Can you direct me to any documentation on how to get that?

Regards,

Tony.
Comment 4 Tony Mugan 2010-04-20 12:06:29 UTC
Created attachment 26060 [details]
kern.log
Comment 5 Tony Mugan 2010-04-20 12:07:33 UTC
There was a line on startup I noticed as being odd (in attached kern.log), not sure if it's relevant

[    0.356714] pci 0000:00:02.0: address space collision: [mem 0xd0000000-0xdfffffff 64bit pref] conflicts with GART [mem 0xd0000000-0xd7ffffff]
Comment 6 Tony Mugan 2010-04-20 18:10:01 UTC
I have recently replaced my motherboard going from an ASUS M2V-MX SE (which was running very well with Ubuntu 10.04 Lucid in the Alpha stages) to its predecessor ASUS M2V-MX.
This replacement motherboard has suffered from CPU soft lockups periodically but noticeably since Ubuntu kernel 2.6.32-21-generic.

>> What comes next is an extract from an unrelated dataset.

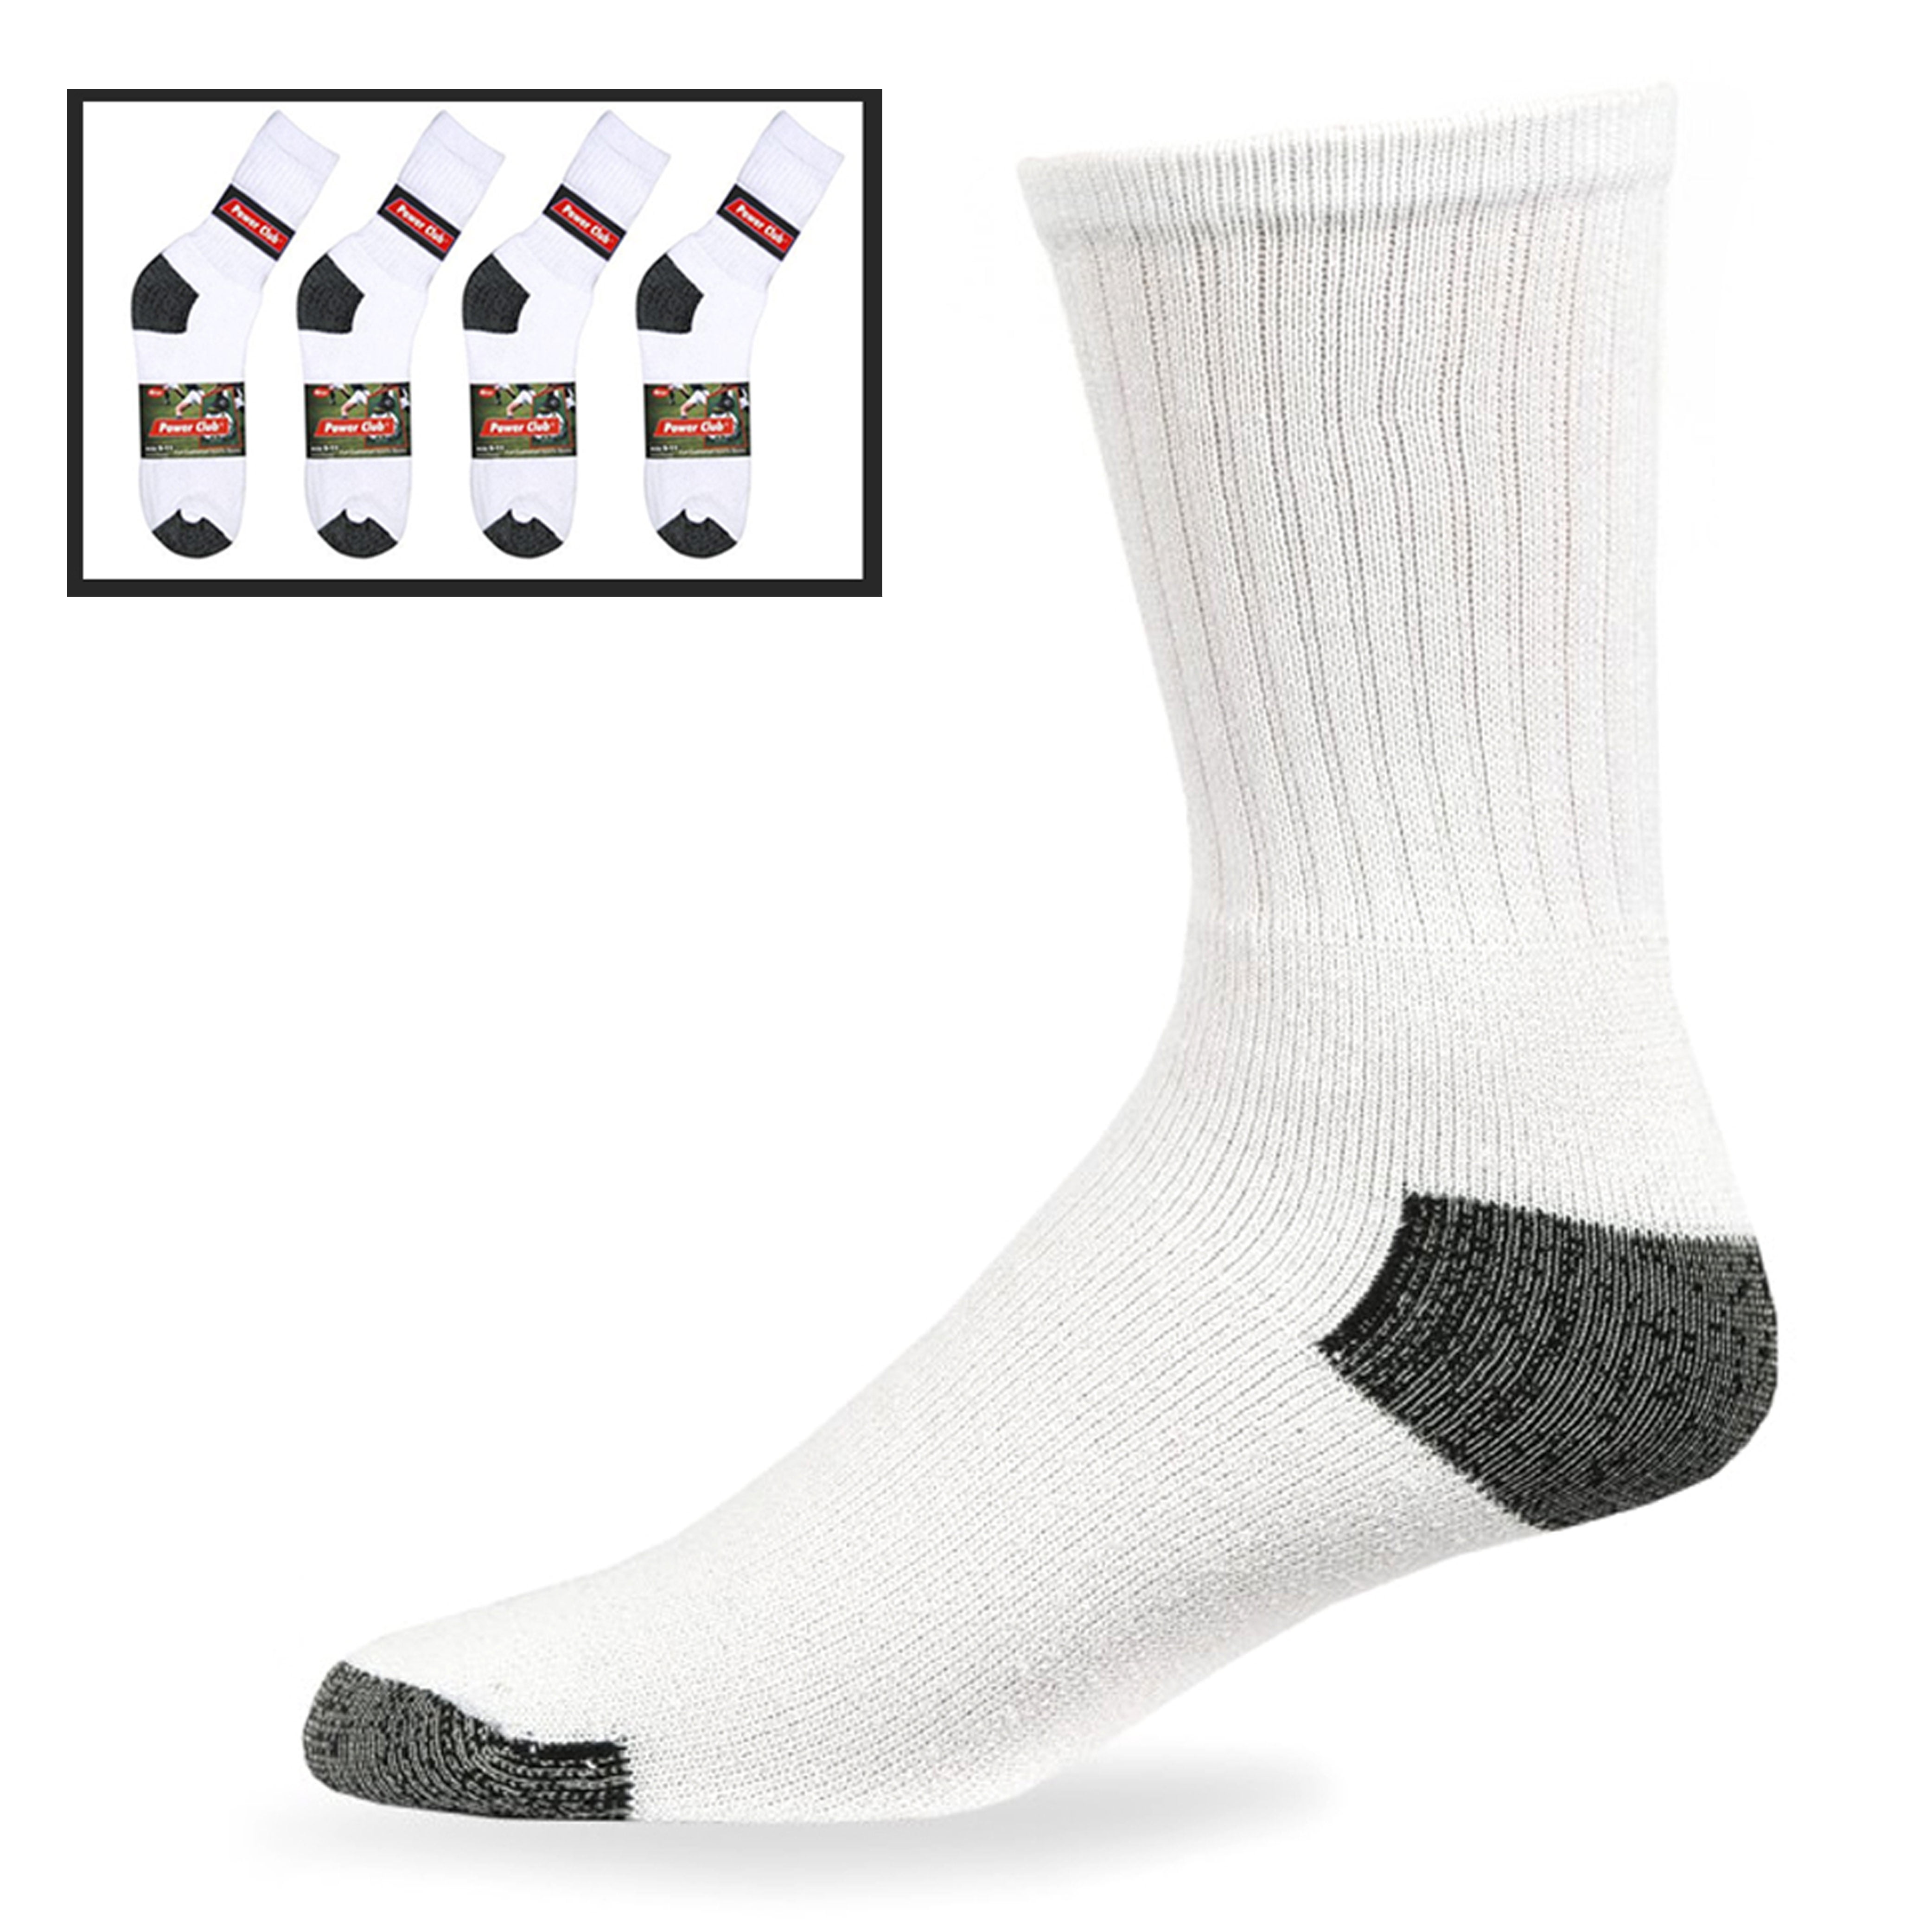 1 Dozen 4-12 Pairs Men's Thick Sports Cotton Ankle Socks Size 10-13 White Black

I am using the following now (uname -a) for about 30 minutes without a lockup.
On the later kernel (or the "mainline" kernels up to vmlinuz-2.6.34-020634rc5-generic, this would have certainly locked up within 10 minutes of usage.

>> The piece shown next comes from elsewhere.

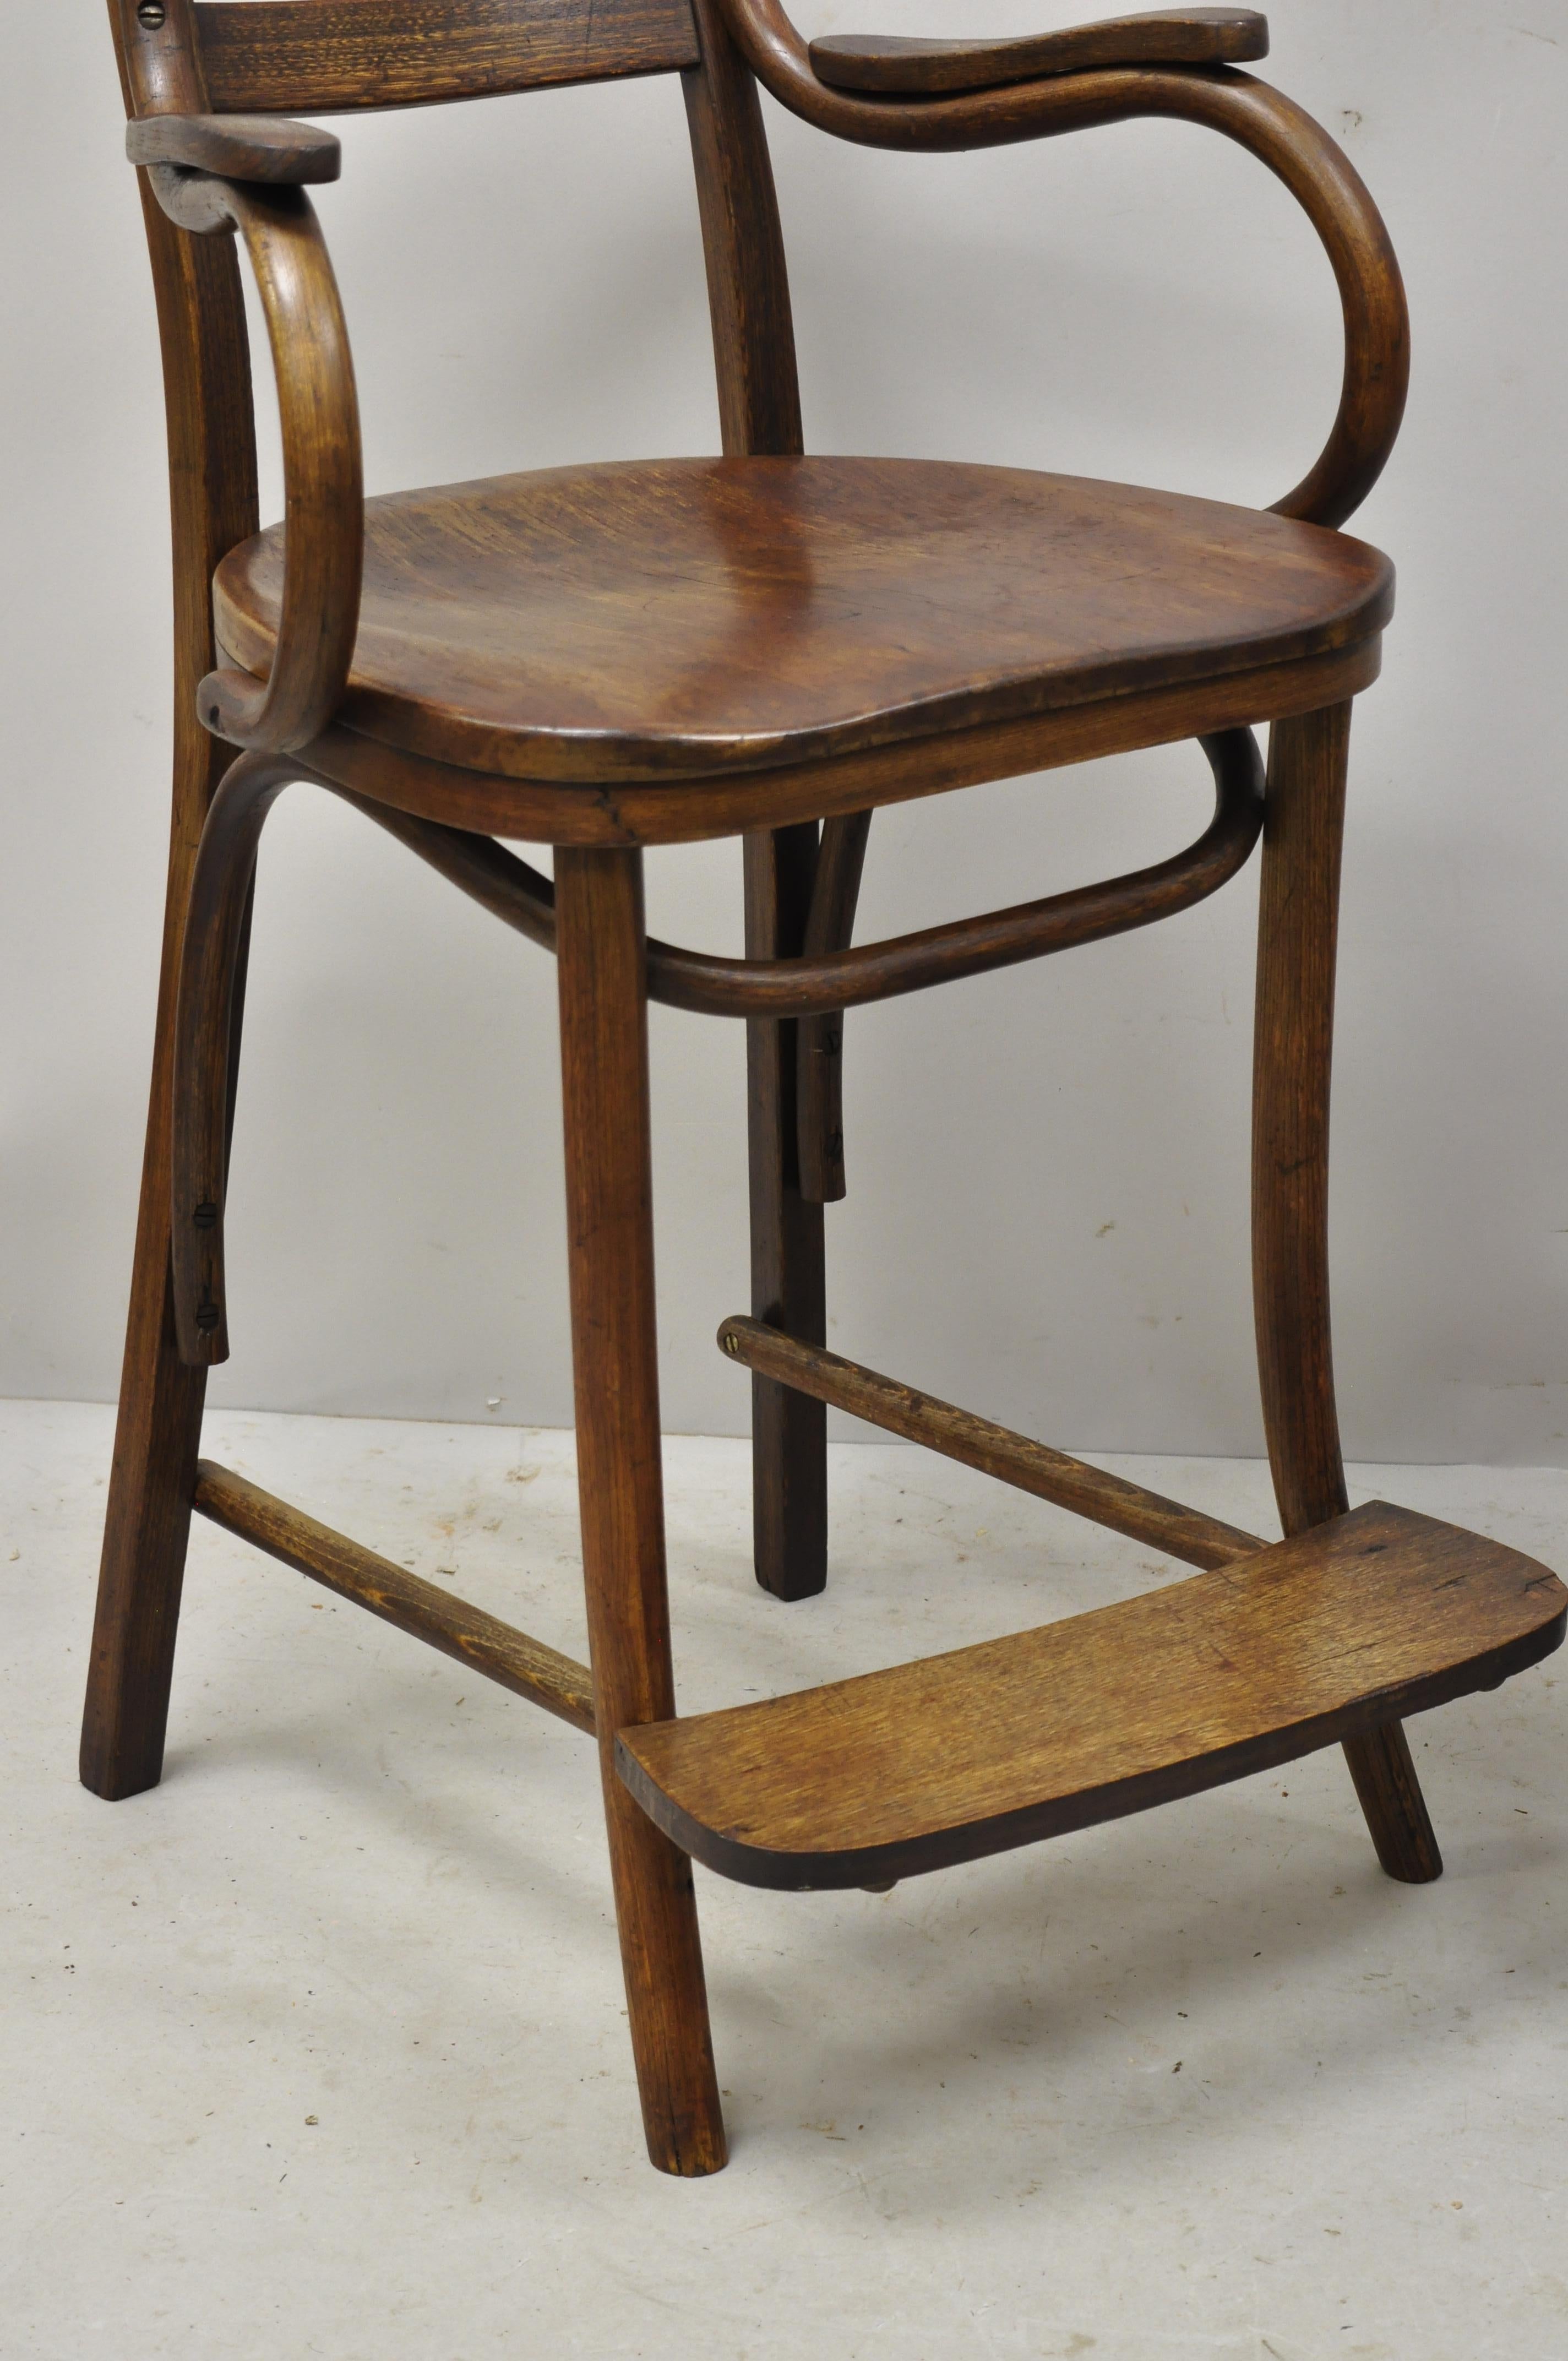 Antique Art Nouveau Thonet Style Austrian Bentwood Counter Stool Chairs, a Pair 1

Linux orac 2.6.32-20-generic #30-Ubuntu SMP Mon Apr 12 15:20:57 UTC 2010 x86_64 GNU/Linux

I am keen to help with diagnosing this and am happy to learn what is required to assist in debugging the issue.
Comment 7 Tony Mugan 2010-04-26 12:15:04 UTC
I have disabled APIC and ACPI in the BIOS and have not had any lockups since.

The lockups were so regular that I am sure this is what was causing the issue.

If anyone wants more information, let me know.
Comment 8 Tony Mugan 2010-05-02 12:14:47 UTC
Several days later and still no lockups.  The BIOS changes I made have definitely resolved the issue.

Is there any benefit in further investigation on this?